The force of mortality (also known as the hazard rate) is defined as

\[ \boxed{ \begin{gathered} \\ \quad \mu_x = \frac{f(x)}{1 - F(x)} = \frac{-s'(x)}{s(x)} = -\frac{d}{dx}\log{s(x)} \quad \\ \\ \end{gathered} } \]

Substituting $x$ by $y$ and reordering, $-\mu_ydy=d\log{s(y)}$. And after integration, we get

\[ \boxed{ \begin{gathered} \\ \quad -\int_x^{x+n}\mu_ydy=\log{\frac{s(x+n)}{s(x)}} \quad \\ \\ \end{gathered} } \]

Finally, through exponentiation of both sides of the equation above, we get

\[ \boxed{ \begin{gathered} \\ \quad \frac{s(x+n)}{s(x)}=\exp{\left( -\int_x^{x+n}\mu_ydy \right) } \quad \\ \\ \end{gathered} } \]

And analogously,

\[ \boxed{ \begin{gathered} \\ \quad s(x) = \exp{\left( -\int_0^{x}\mu_sds \right) } \quad \\ \\ \end{gathered} } \]

The following table relates $F(x)$, $f(x)$, $s(x)$ and $\mu_x$

	$F(x)$	$f(x)$	$s(x)$	$\mu_x$
$F(x)$	$-$	$F'(x)$	$1-F(x)$	$\frac{F'(x)}{1-F(x)}$
$f(x)$	$\int_0^\infty f(r)dr$	$-$	$1-\int_0^\infty f(r)dr$	$\frac{f(x)}{\int_x^\infty f(r)dr}$
$s(x)$	$1-s(x)$	$-s'(x)$	$-$	$\frac{-s'(x)}{s(x)}$
$\mu_x$	$1-\exp{\left( -\int_0^x \mu_rdr\right)}$	$\mu_x \cdot\exp{\left( -\int_0^x \mu_rdr\right)}$	$\exp{\left( -\int_0^x \mu_rdr\right)}$	$-$

The future lifetime of a person aged $x$ is defined by the random variable $T(x)=X-x$, where $X$ is the random variable of age-at-death.
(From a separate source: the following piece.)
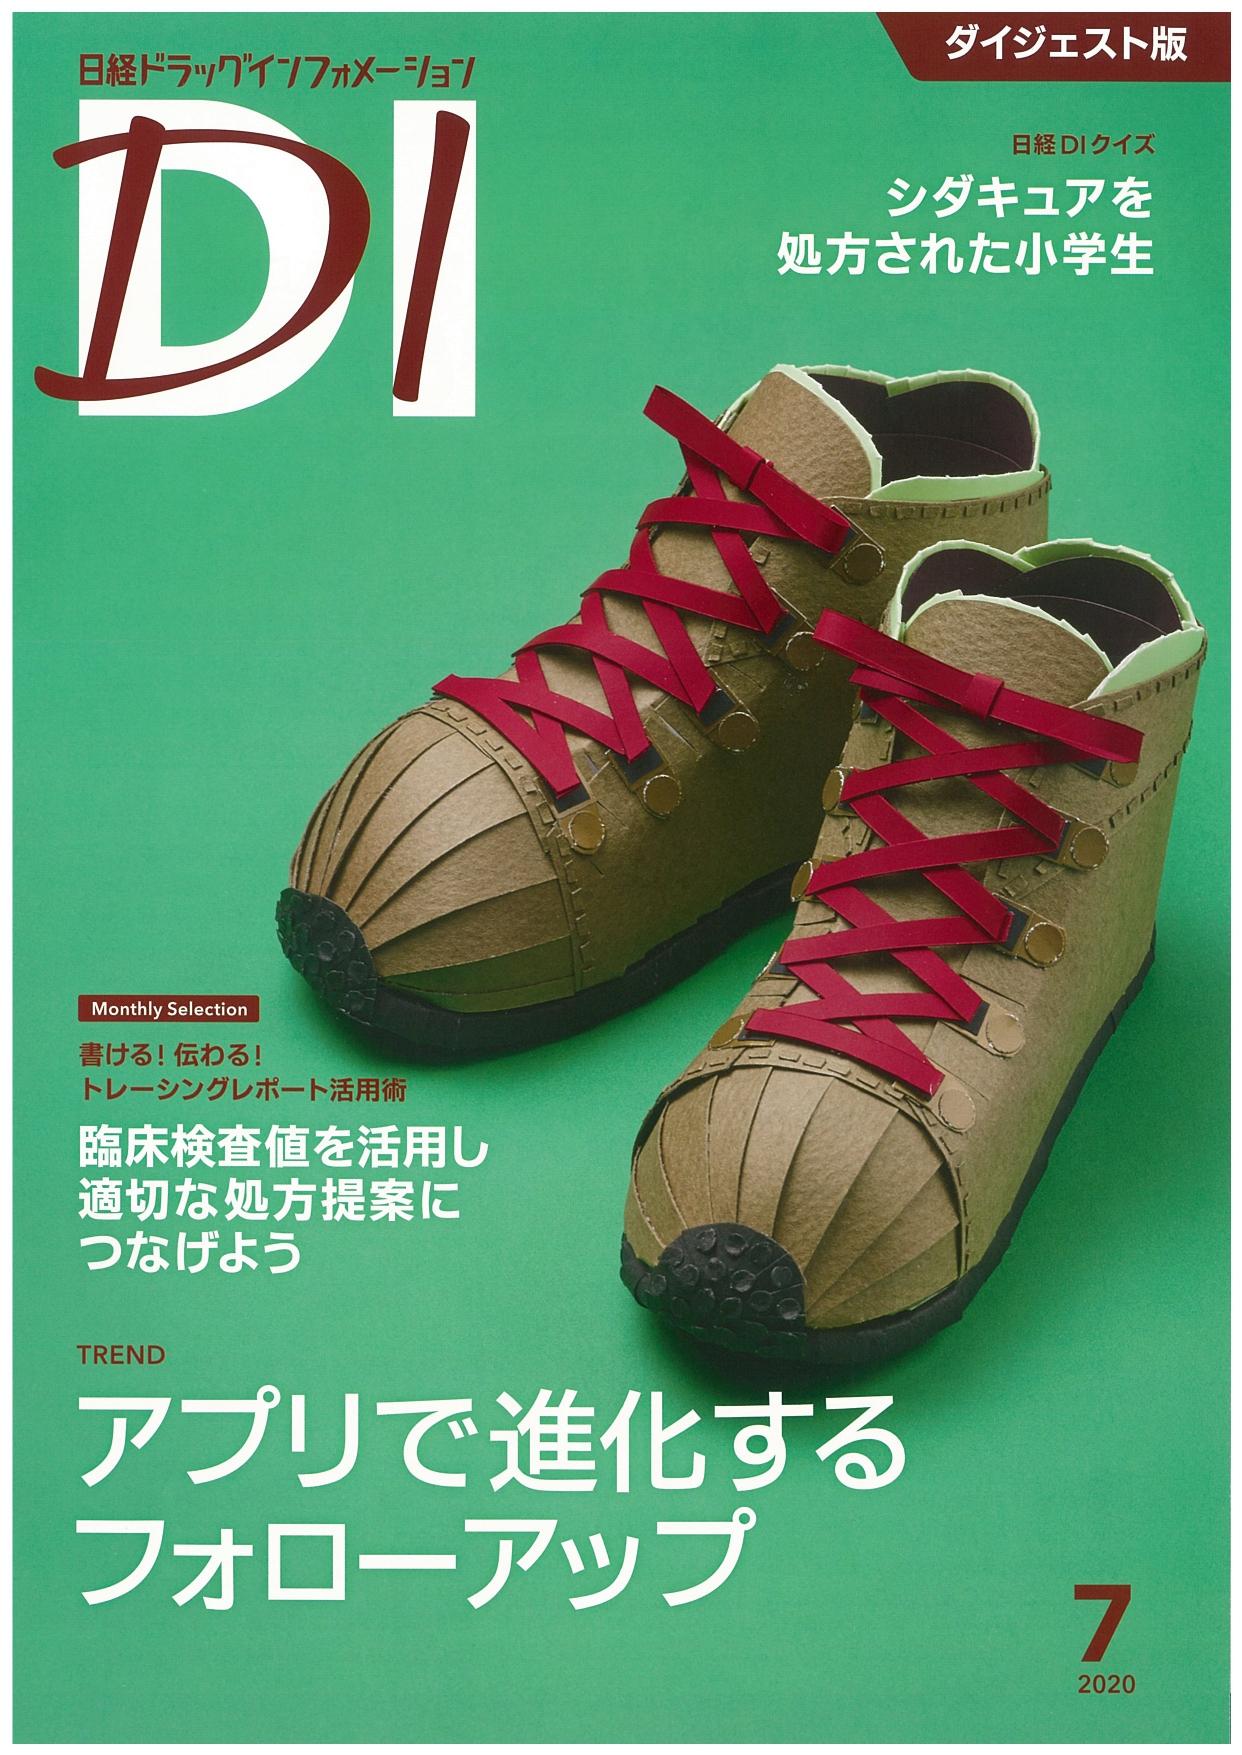 日経D1表紙

Thus, the probability that a person aged $x$ dies before $t$ years is given by

\[ \boxed{ \begin{gathered} \\ \quad \mathrm{Pr}[\,T(x) \leq t\,] = F_x(t) = 1 - s_x(t) = {_t}q_x \quad \\ \\ \end{gathered} } \]

where the symbol $_tq_x$ conforms with the International Actuarial Notation.

Similarly, the probability that $(x)$ survives to age $x+t$ is given by

\[ \boxed{ \begin{gathered} \\ \quad \mathrm{Pr}[\,T(x) > t\,] = s_x(t) = \frac{s_0(x+t)}{s_o(x)} = {_t}p_x \quad \\ \\ \end{gathered} } \]

where the symbol $_tp_x$ conforms with the International Actuarial Notation.

The random variable $K(x)$ denotes the number of complete years of future lifetime at age $x$. A practical way to think of $K$ is the number of future birthday parties that (hopefully!) $(x)$ will celebrate.

\[ \boxed{ \begin{gathered} \\ \quad \mathrm{Pr}[K(x) = k] = \mathrm{Pr}[k \leq T(x) < k+1] = \frac{s_0(x+k)-s_0(x+k+1)}{s_0(x)} = {_{k\vert}}q_x \quad \\ \\ \end{gathered} } \]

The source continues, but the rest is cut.